What makes the return uncertain? Well . . . if Wyndham has given up on the once-great Howard Johnson's brand and is not confident that it can be repositioned and fixed, why should I believe in it? We're talking about a commitment - with several of Wyndham's brands, not just Travelodge; with several of Choice's brands, not just Comfort Inn - that would take five to ten years to carry out, that would cause them reduced revenues from the brand for that long.
It's an investment for them, that they don't want to make.
Put a price on stand and commitment. (How much is yours worth? That's up to you.)
Only trouble is, hotel franchise agreements run for twenty year terms . . . and you want me to sign one? They're not willing to make a five-to-ten year commitment to shake out the brand and revamp it, yet they want me to commit to twenty? . . .

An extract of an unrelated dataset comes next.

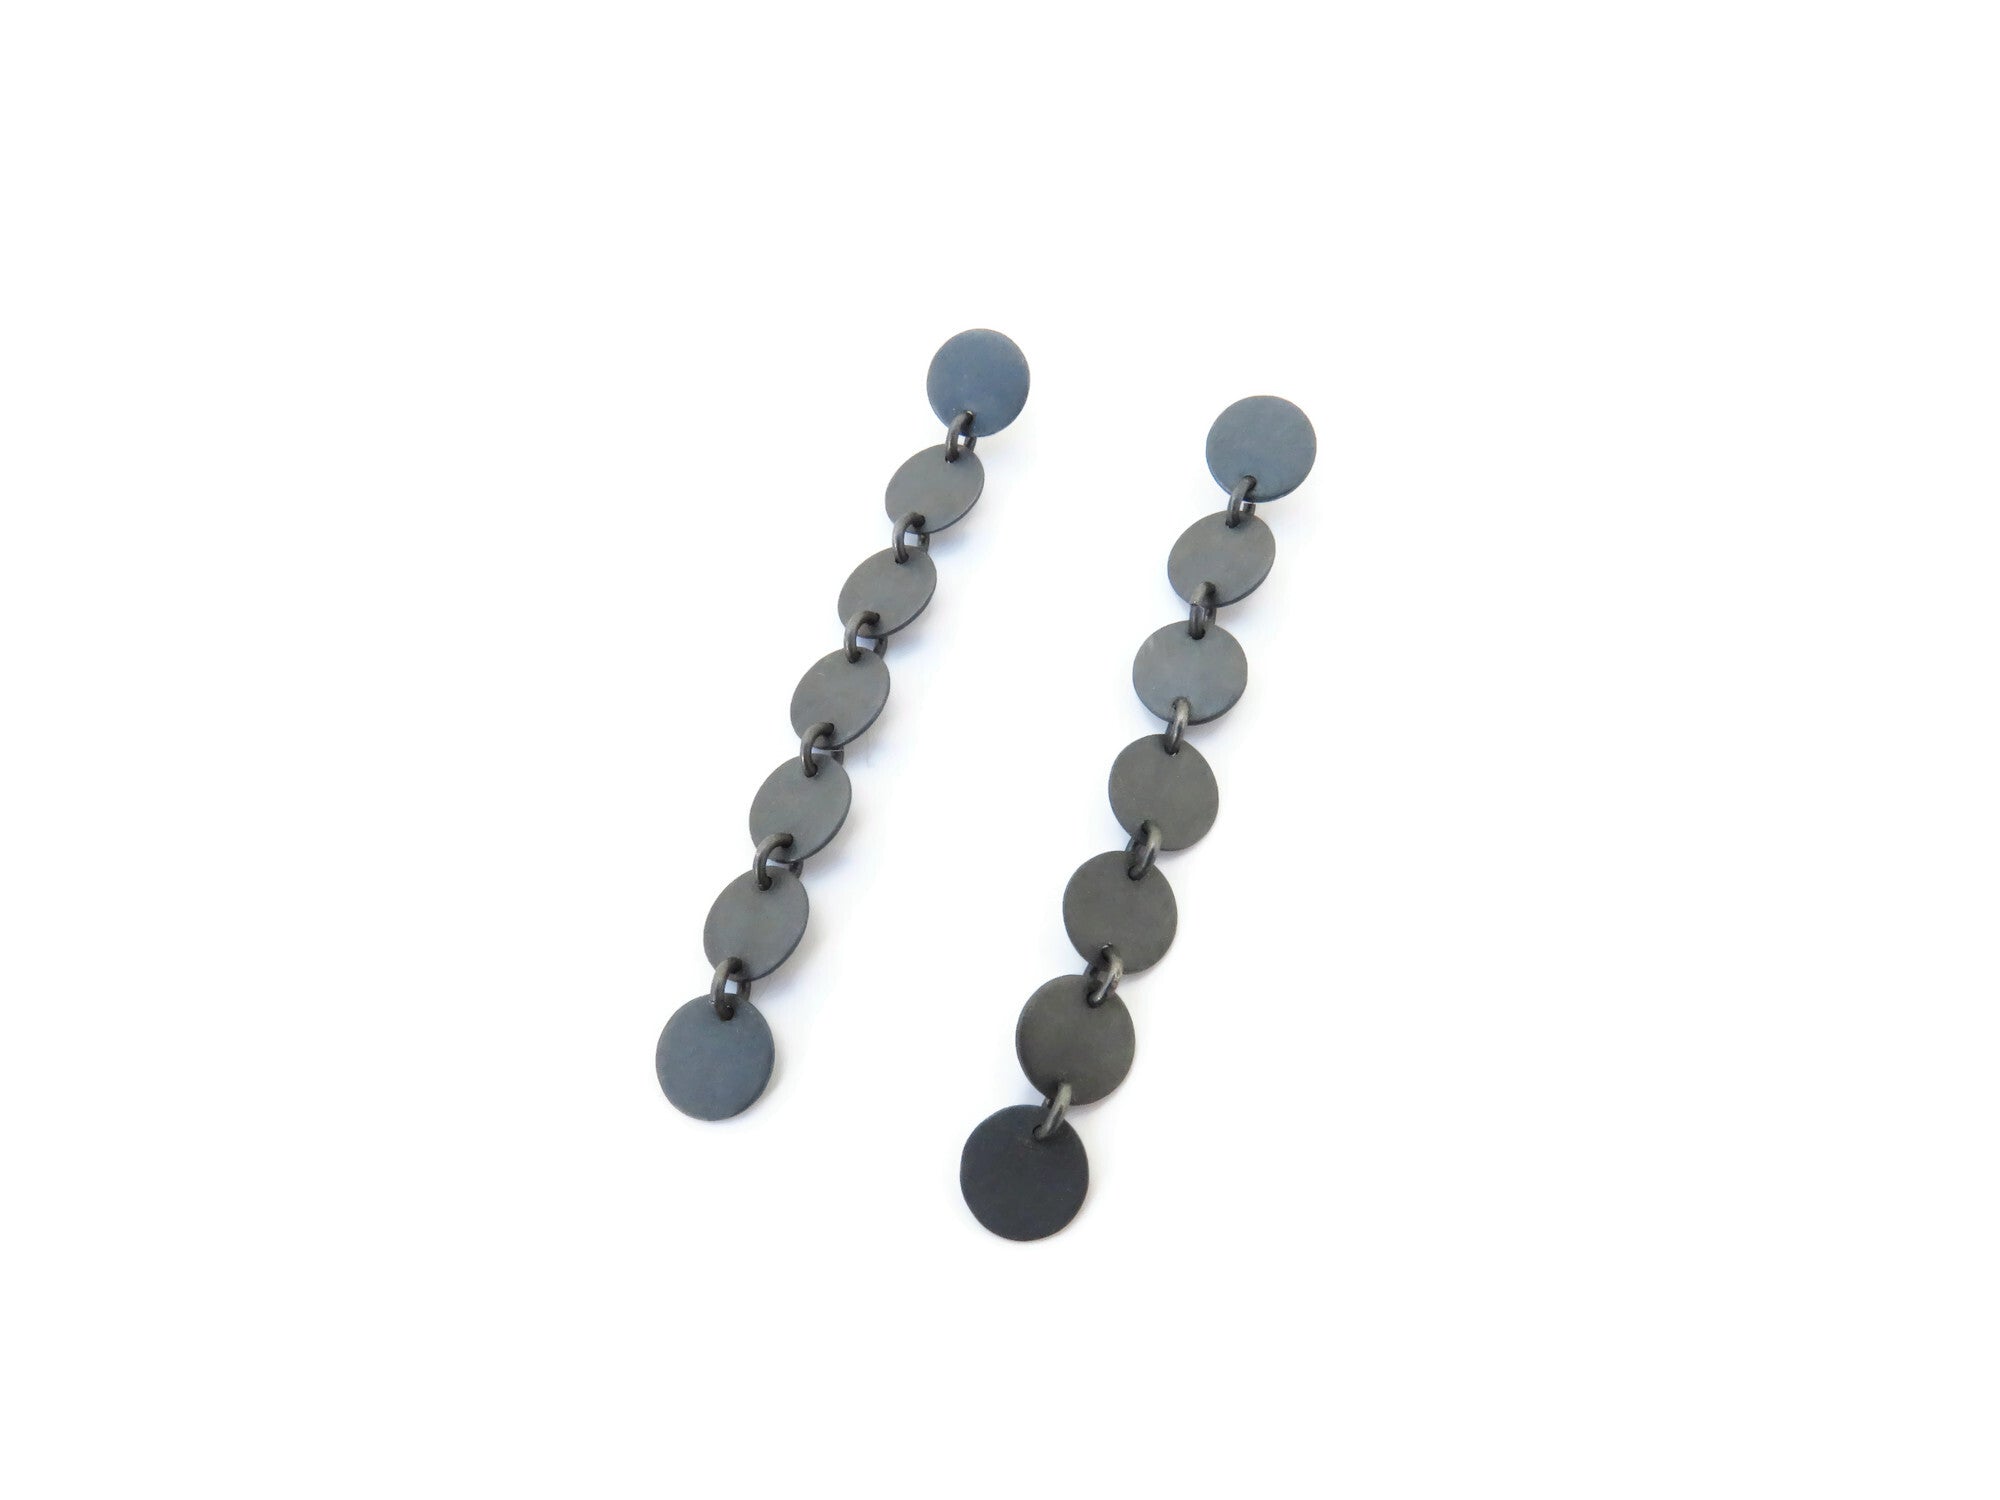 Long Hanging Earrings in Oxidized Silver | KimyaJoyas

We'd be better off creating a new brand ourselves. We make the absolute commitment that this is what it's going to be, this is what the traveling public can count on it for, and it's going to be very much the same, ten, twenty years from now - we're not going to start cutting corners, or compromising, or settling for less than what it should be, or franchising it and just using its former glory to collect fees and royalties on. And dammit, we're going to stick to it no matter what, even if I don't get my new Audi this year, and have to drive the one I bought new last year for one more year.
We wouldn't be breaking new ground to do that, if we did it well. Look on the TripAdvisor hotels page for any city of any size. Notice how the highest rated - and the highest priced - hotels are independent hotels, boutique hotels, hotels that operate under their own homegrown brand? Hotels where the ownership, developers, and management put something of themselves into it; rather than just buy a franchise, develop and run it in any old way that the franchise organization will let them get away with, and expect it to be handed to them on a plate.
Over the last five to ten years, that's what the world's come to, and that's the direction it seems to be taking in the future.
And yet, conventional wisdom is that a franchise assures 'consistent standards'? . . . And 'success'? . . .
Eventually, the mortgage lenders are going to come around; hopefully, when we have a repeat of 2008 and this time around, franchised properties previously assumed to be 'safe' start dropping like flies.
That'll be the end of hotel franchising -- unless they can come up between now and then to add value that is worth the fees they continue to charge.